Apr 13, 2025 - 22:12

MongoDB with Search Indexes Queried as Kimball's Star Schema with Facts and Dimensions

Export From SQL to CSV
Import to MongoDB
Indexing the Star Schema
Querying the Star Schema - Star Transformation
MongoDB queries on a Star Schema
Conclusion

In document databases like MongoDB, data modeling is typically optimized for predefined access patterns, where each domain or service owns its database. This contrasts with the relational model, which often serves as a centralized, fully normalized database designed independently of any specific application.
However, most applications also require the ability to perform ad-hoc queries or real-time analytics, where the query patterns are not predetermined.
Here, it is the opposite: SQL requires another database schema, whereas MongoDB offers the same dimensional model approach on the operational database.

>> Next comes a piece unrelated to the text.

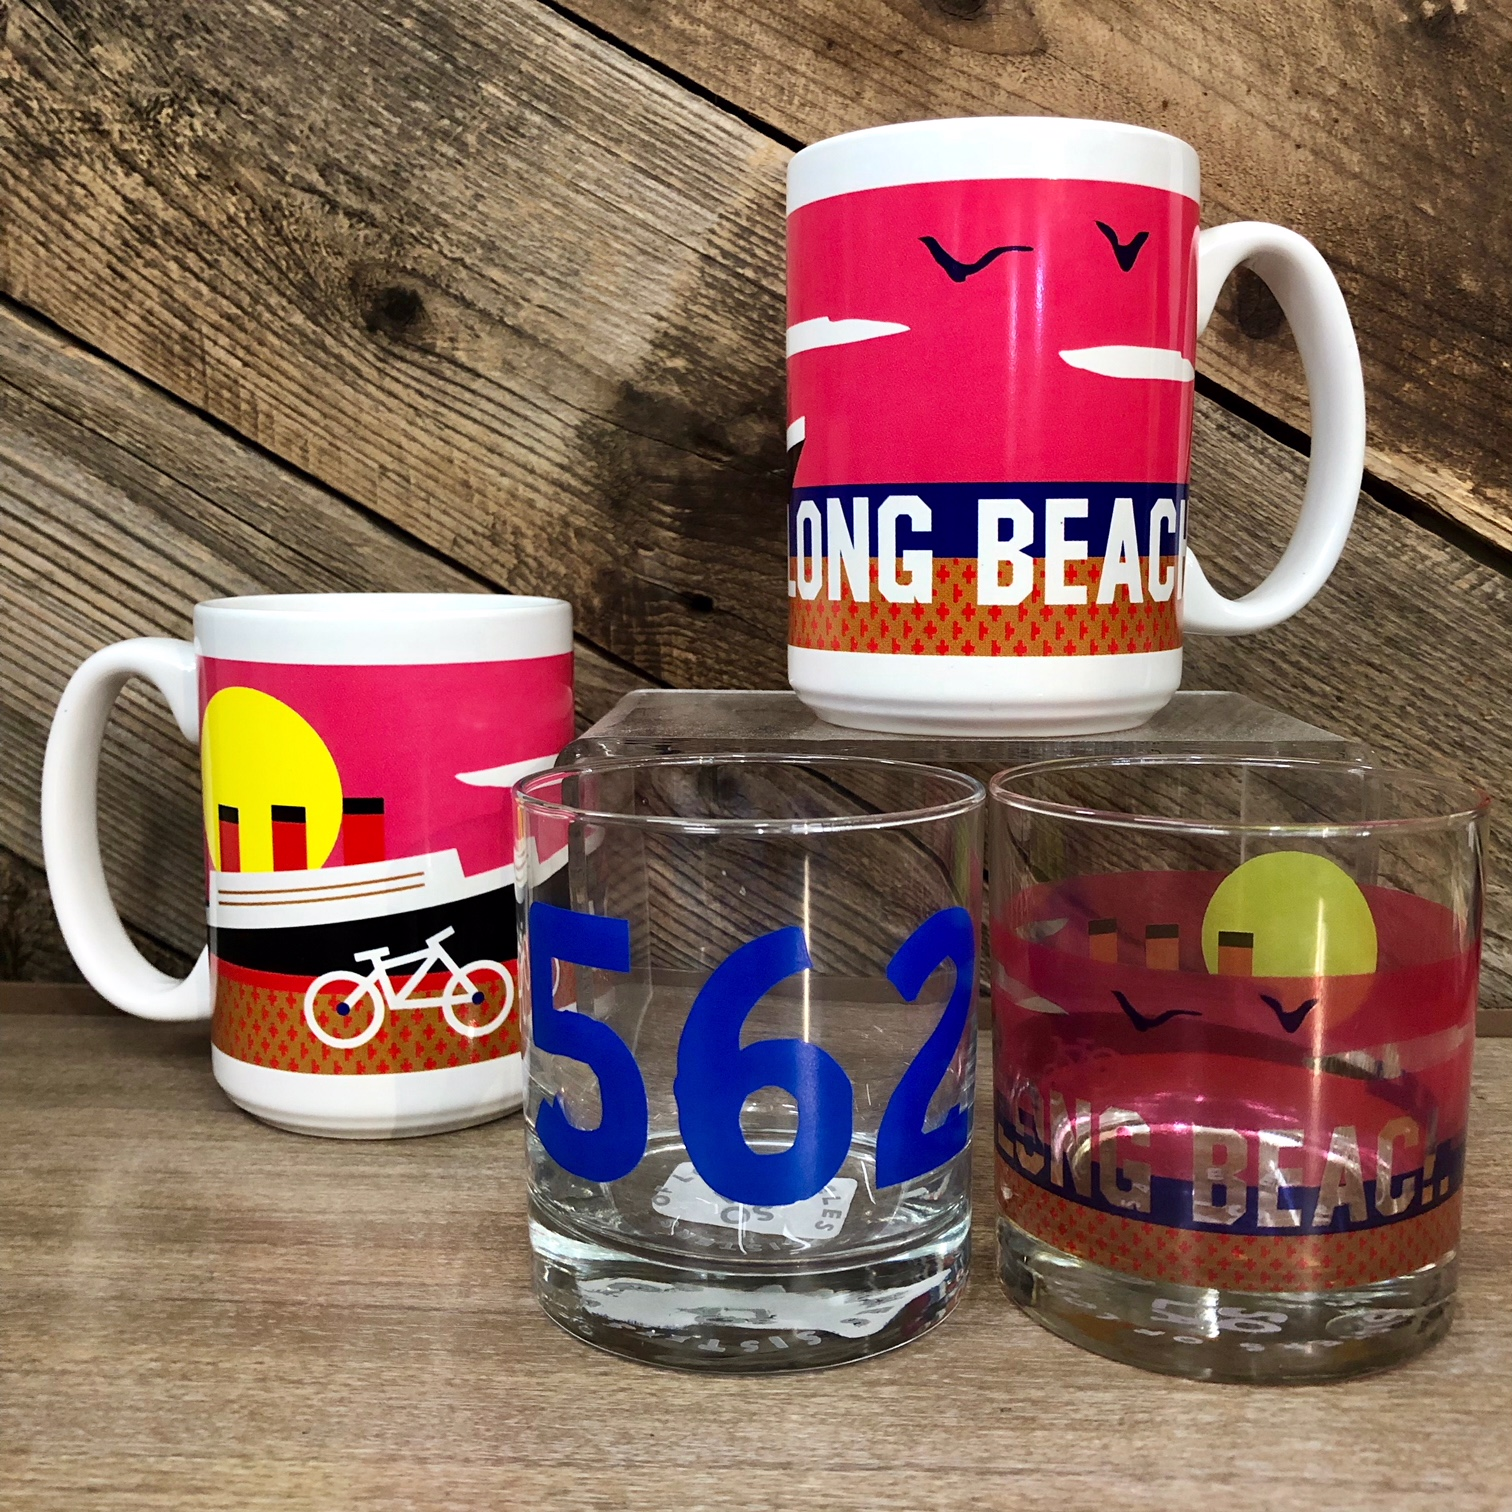 Long Beach Drinkware

In relational databases, a common practice is to create a separate analytics database, often in a dimensional model like the star schema popularized by Ralph Kimball. Here, normalized fact tables are surrounded by denormalized dimension tables. This setup is separate from the operational database and not updated in real-time by transactional workloads.

MongoDB, allows for a different strategy. Thanks to features like MongoDB Atlas Search Indexes, real-time analytics can be performed directly on the operational database without the need for replication to a separate analytical database. Here is a simple example using the Oracle Sales History Sample Schema which I used a lot in the past as an example of a Star Schema designed correctly with Bitmap Indexes on Foreign Keys to allow Star transformation.

Export From SQL to CSV

The simplest to get the Sales History Sample Schema (SH) populated with data is having an Autonomous Database on the Oracle Cloud Free Tier, as it is created by default.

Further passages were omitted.